Transition month between winter and spring, March and its climate conditions are often uncertain with days that are still cold and rainy and others that seem harbingers of summer. This is the usual weather profile of March throughout Italy.
The first important date to remember is 6 March, dedicated to energy saving. It is meant to encourage citizen awareness regarding lowering energy consumption and to promote green living with flowers and vegetation of every kind planted in various areas of the city or even in people’s homes. This initiative is called M’illumino di meno (I use less light), and has become a regular event. It was started in 2005 by a radio transmission of RAI called Caterpillar and many municipalities including Perugia support this campaign.
Then follows International Women’s Day on 8 March when various initiatives highlight the condition of women and their rights. The symbol of this day is a sprig of mimosa given to women as a gift, mimosa that dots the streets just about everywhere with a beautiful bright yellow. And even at dinner, there is often a delicious slice of torta mimosa made from sponge cake. Quite often that evening, women go out to dinner with other female friends, so it is not unusual to see many of all ages sharing large tables at a restaurant or pizzeria.
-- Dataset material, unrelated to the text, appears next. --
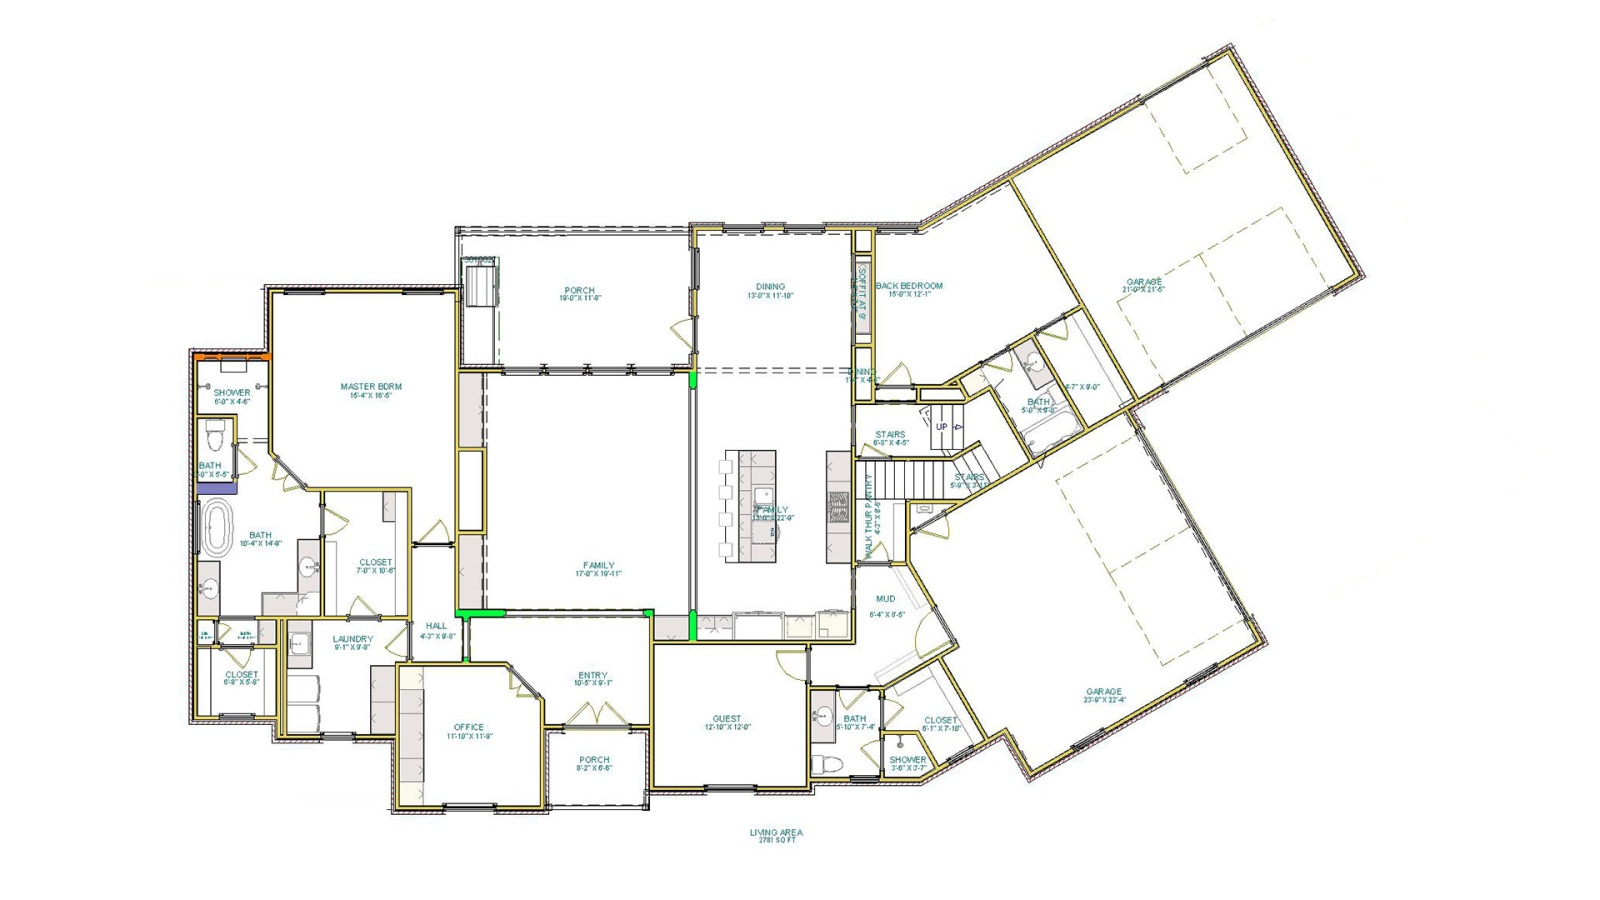 5 Bedrooms Bedrooms, ,4 BathroomsBathrooms,Custom Home,Home Plans,1061

19 March though, feast of Saint Joseph, is Fathers’ Day. In Central Italy, people eat sweet rice fritters while Neapolitan cuisine dictates cream-filled zeppole (a kind of doughnut). Eating deep-fried sweets on this day in the very midst of Lent takes one back for a moment to the abundance of Carnival.
The month moves inexorably to its close, passing through the spring equinox that falls on 20 March this year, while on 29 March we return to Daylight Savings Time. From that day forward, the long hours of light will brighten our season and we will finally find winter behind us.